The study, conducted by researchers from the University of Vienna, sheds light on how emotions and empathy are understood and felt among animals other than humans or primates.
As social creatures, we need to be able to communicate and understand each other successfully.
Unlike empathy, emotional contagion involves catching an emotion the way you might catch a common cold, and it’s a phenomenon that can spread just as quickly.
Have you ever had your mood changed just by sitting next to a crabby co-worker or friend? Congratulations, you’ve experienced emotional contagion, a mimicking behavior that researchers have proposed helps social groups transmit information.
Now, researchers have discovered evidence of emotional contagion among ravens.
For the study, ravens were paired up and completed several experiments. In one, a pair of birds were presented with two boxes, one that was empty and one that had food. Once the birds were familiar with the setup, the researchers introduced a third box to the mix.

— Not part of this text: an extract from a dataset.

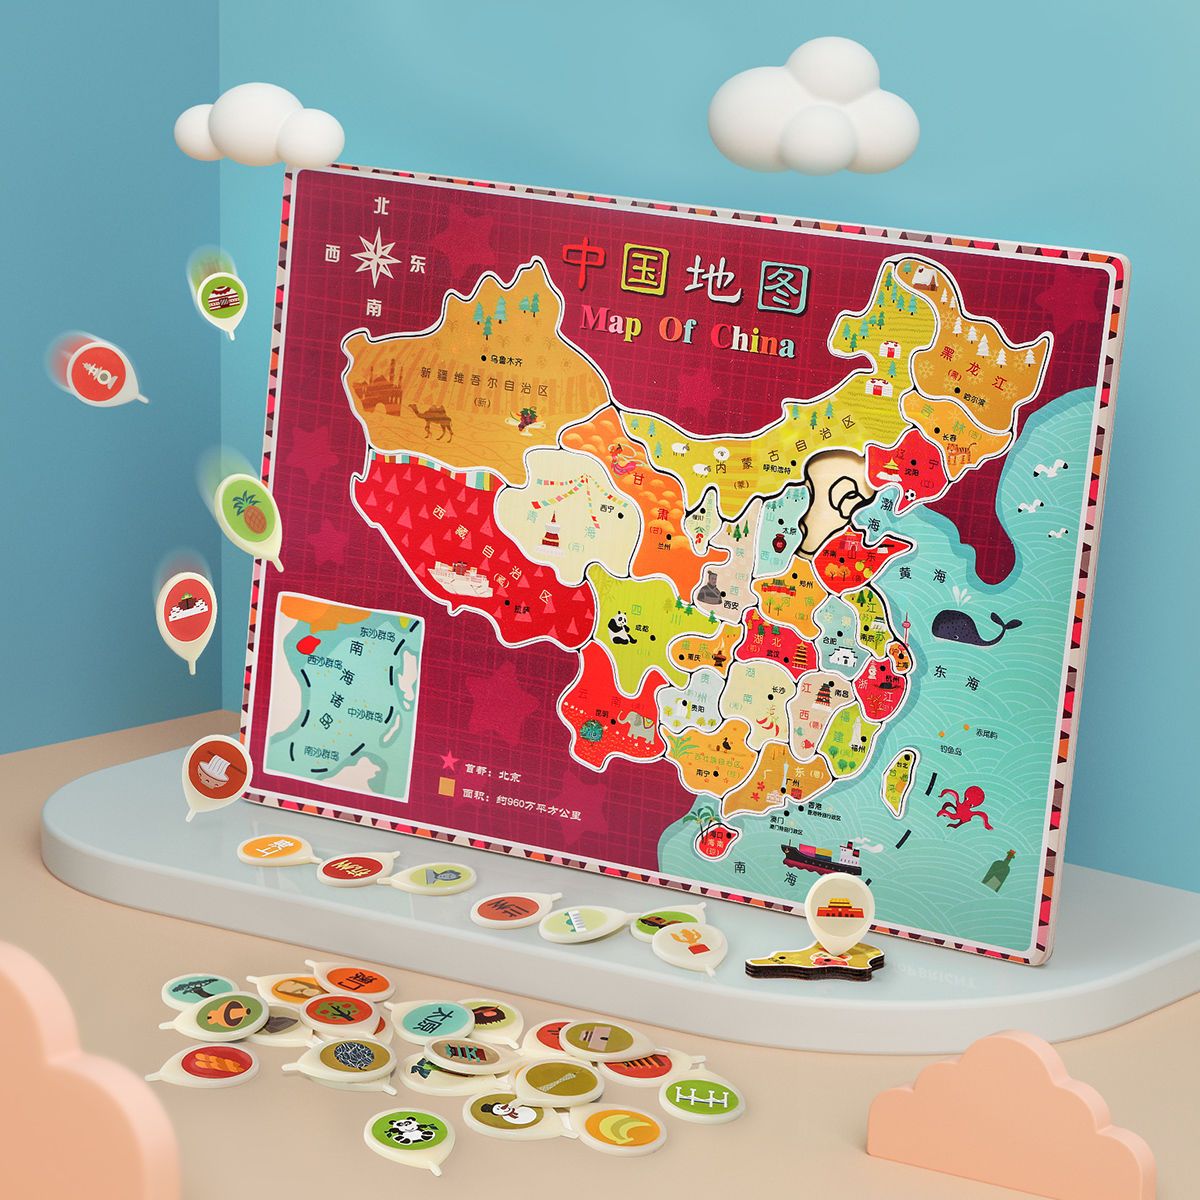 【3人团】特宝儿中国地图世界拼图幼儿玩具宝宝儿童益智早教木制拼板

The third box was used to test cognitive bias or an error in judgment that influences decision making. In this case, how pessimistic or optimistic each bird felt about exploring the third box.
Next, the researchers split the pairs up and had one raven choose between a food it liked and one it didn’t. The other raven in the couple observed its teammate’s behavior but did not see what choices were given.
The birds paired up again later and were given the cognitive bias test again. A raven that had watched its teammate behave negatively was more suspicious of the third box, indicating that they had been impacted by their raven friend’s bad mood and were pessimistic as a result.
“We demonstrate that after witnessing a conspecific in a negative state, ravens perform in a negatively biased manner on a judgment task,” the researchers wrote. “Our findings thus suggest negative emotional contagion in ravens, and in turn advance our understanding of the evolution of empathy.”
The findings were published in the journal Proceedings of the National Academy of Sciences.